Она причитала и плакала, варила какую-то траву, делала примочки. Почти две недели я выходил за калитку только за водой. Олег и Степан забежали раз, покряхтели и ушли.
- Вот они, друзья-то твои! – ругалась бабушка. – Что, не нужен стал? Как пить, так вместе, а как пендюлей получать, так ты один!
- Ба, ты родителям не говори ничего, – попросил я.
- А то они не заметят, – вздохнула она. – Вон, фингалы-то цветут радугой: и тебе желтый, и тебе фиолетовый.
- Ничего, пройдут до конца лета. Ну, ба, не скажешь?
- Ладно. Но при одном условии. Больше никаких… приключений. Обещаешь?
- Обещаю! – я смотрел на нее честными глазами и сам себе верил. Бабушка потерла ладонями виски, покачала головой и очень долго смотрела на меня.   

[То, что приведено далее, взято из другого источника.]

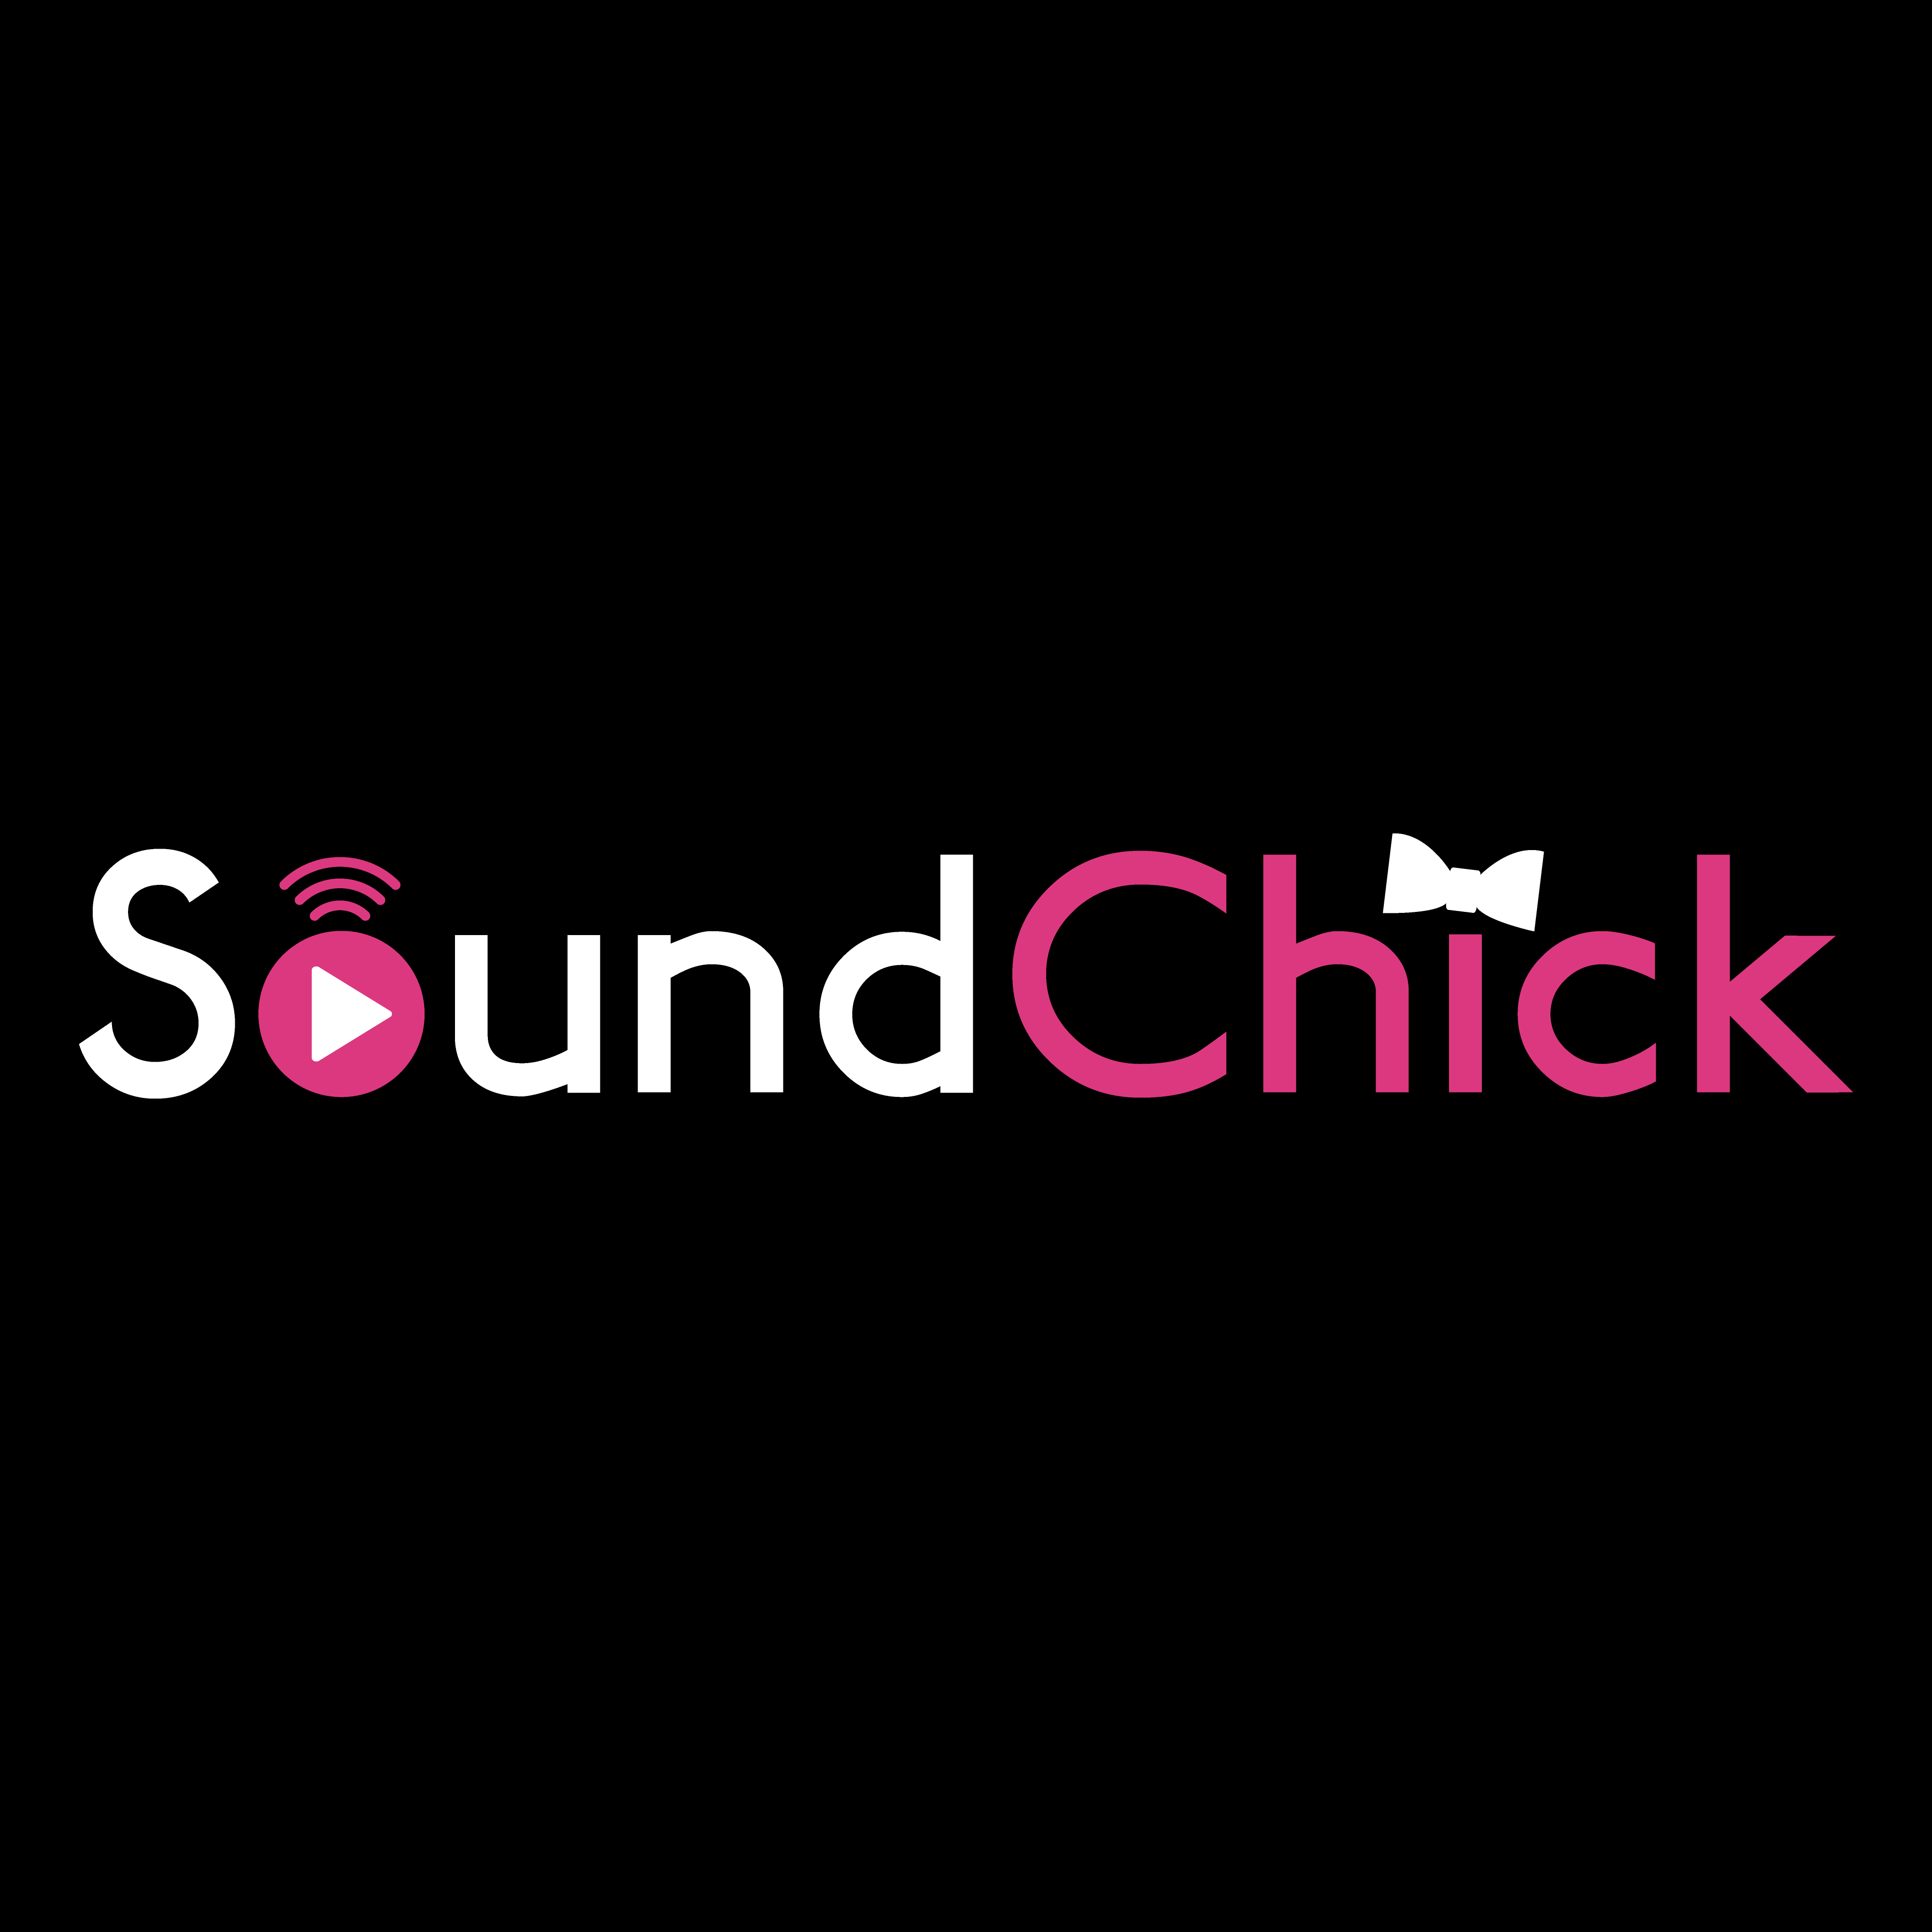 SoundChick

А ведь она тогда сдержала слово, ничего не рассказала родителям. Почему-то раньше я никогда не думал, сколько переживаний доставил бабушке. Она казалась мне далекой от моей жизни. Ну, пропорол ногу. Ну, напился, как свинья. Ничего ж смертельного не случилось! И касалось это только меня и никого больше. Сейчас, слушая, как в тишине отстукивает время старенький будильник, вдруг понял, что был не прав. А ведь я частенько забывал ей даже спасибо сказать, да и другие добрые слова в моем словарном запасе почти никогда не находились.
Стоп! С чего это я вдруг занялся самобичеванием? Из какого уголка души пустила ростки дурацкая сентиментальность? Я хотел посмеяться над собой, но ощутил только грусть. Может, именно так взрослеют? И где же то счастье, которое вьется возле самых ног? Кажется, так говорила когда-то цыганка Лачи? Наверно, она имела в виду не мои ноги и не мое счастье. Возле моих ног одна пустота. Как и в сердце. И с этим надо жить. И желательно – хорошо.

Неделя пронеслась незаметно. Мы убрали картошку, можно было ехать домой, но каждый раз глядя на бабушку, я не решался сказать, что собираюсь в город. Она повеселела, в глазах появился знакомый блеск. Господи, как же мало надо человеку для счастья! Не золотые горы и россыпи акций Газпрома, а всего лишь здоровье и близость любимых и родных людей.
- Ба, а, может, ты все-таки надумаешь переехать в город? – в очередной раз пристал я к бабушке.
- Нет, сынок. Здесь я выросла, здесь и в иной мир отойду.
- Опять ты об этом?
- А что тут странного? Круговорот жизни в природе, – пошутила она. – Чего посмурнел? Да я еще много лет проживу, так что не надейся быстро от меня избавиться!
- Прикалываешься? Слушай, ба, а ты что-нибудь знаешь про родителей мамы?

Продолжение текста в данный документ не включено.